## Work instructions:
Take the lines below beginning at the line that has "Pillows - Sleepeezee Perfect Pillow Pair" and stopping after the line that has "Image of Alpinestars", and print them exactly as they are, with no other lines.

## Data excerpts:
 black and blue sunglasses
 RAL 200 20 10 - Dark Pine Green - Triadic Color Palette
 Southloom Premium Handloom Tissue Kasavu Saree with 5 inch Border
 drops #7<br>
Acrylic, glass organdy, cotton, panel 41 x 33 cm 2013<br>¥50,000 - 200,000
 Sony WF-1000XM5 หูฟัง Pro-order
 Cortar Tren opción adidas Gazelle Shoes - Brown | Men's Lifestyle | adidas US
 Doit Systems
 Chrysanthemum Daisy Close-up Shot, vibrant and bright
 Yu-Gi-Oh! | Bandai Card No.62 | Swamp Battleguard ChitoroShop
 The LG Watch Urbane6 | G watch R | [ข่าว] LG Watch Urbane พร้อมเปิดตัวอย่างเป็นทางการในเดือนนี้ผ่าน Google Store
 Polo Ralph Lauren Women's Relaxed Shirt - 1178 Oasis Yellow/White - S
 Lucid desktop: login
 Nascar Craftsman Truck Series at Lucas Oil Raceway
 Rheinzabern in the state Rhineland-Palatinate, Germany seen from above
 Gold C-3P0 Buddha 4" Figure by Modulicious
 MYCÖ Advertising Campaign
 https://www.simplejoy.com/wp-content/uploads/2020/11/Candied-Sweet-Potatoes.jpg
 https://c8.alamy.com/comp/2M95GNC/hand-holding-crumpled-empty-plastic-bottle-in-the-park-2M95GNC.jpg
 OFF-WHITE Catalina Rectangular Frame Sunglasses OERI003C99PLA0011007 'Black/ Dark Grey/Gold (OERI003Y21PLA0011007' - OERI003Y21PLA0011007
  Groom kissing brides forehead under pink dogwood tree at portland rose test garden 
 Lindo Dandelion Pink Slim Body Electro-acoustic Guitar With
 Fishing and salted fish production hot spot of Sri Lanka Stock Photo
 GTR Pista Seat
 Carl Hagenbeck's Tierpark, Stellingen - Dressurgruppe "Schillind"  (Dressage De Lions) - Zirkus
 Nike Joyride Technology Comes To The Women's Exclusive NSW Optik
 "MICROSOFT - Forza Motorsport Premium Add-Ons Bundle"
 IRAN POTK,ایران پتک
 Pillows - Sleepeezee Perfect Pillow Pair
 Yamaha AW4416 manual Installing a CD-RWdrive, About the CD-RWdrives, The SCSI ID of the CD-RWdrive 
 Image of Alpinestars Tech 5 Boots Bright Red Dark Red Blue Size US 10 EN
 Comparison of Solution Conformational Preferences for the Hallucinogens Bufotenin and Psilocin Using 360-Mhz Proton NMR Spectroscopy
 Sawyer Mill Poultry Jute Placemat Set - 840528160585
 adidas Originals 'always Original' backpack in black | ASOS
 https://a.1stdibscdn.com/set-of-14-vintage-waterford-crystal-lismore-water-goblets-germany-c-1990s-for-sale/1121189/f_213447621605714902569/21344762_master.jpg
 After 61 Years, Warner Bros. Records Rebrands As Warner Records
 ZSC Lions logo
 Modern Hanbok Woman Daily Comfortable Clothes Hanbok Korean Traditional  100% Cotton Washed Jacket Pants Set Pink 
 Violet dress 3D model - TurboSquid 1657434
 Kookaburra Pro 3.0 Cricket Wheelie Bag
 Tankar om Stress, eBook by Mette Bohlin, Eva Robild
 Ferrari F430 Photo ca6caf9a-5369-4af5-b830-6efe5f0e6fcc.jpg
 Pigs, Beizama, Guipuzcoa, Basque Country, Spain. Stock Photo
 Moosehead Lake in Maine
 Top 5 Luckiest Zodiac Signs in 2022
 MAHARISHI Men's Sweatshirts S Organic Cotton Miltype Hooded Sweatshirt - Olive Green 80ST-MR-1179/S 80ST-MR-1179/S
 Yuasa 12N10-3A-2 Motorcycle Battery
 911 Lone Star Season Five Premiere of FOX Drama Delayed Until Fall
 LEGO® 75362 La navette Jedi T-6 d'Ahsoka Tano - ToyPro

## Answer to the problem:
 Pillows - Sleepeezee Perfect Pillow Pair
 Yamaha AW4416 manual Installing a CD-RWdrive, About the CD-RWdrives, The SCSI ID of the CD-RWdrive 
 Image of Alpinestars Tech 5 Boots Bright Red Dark Red Blue Size US 10 EN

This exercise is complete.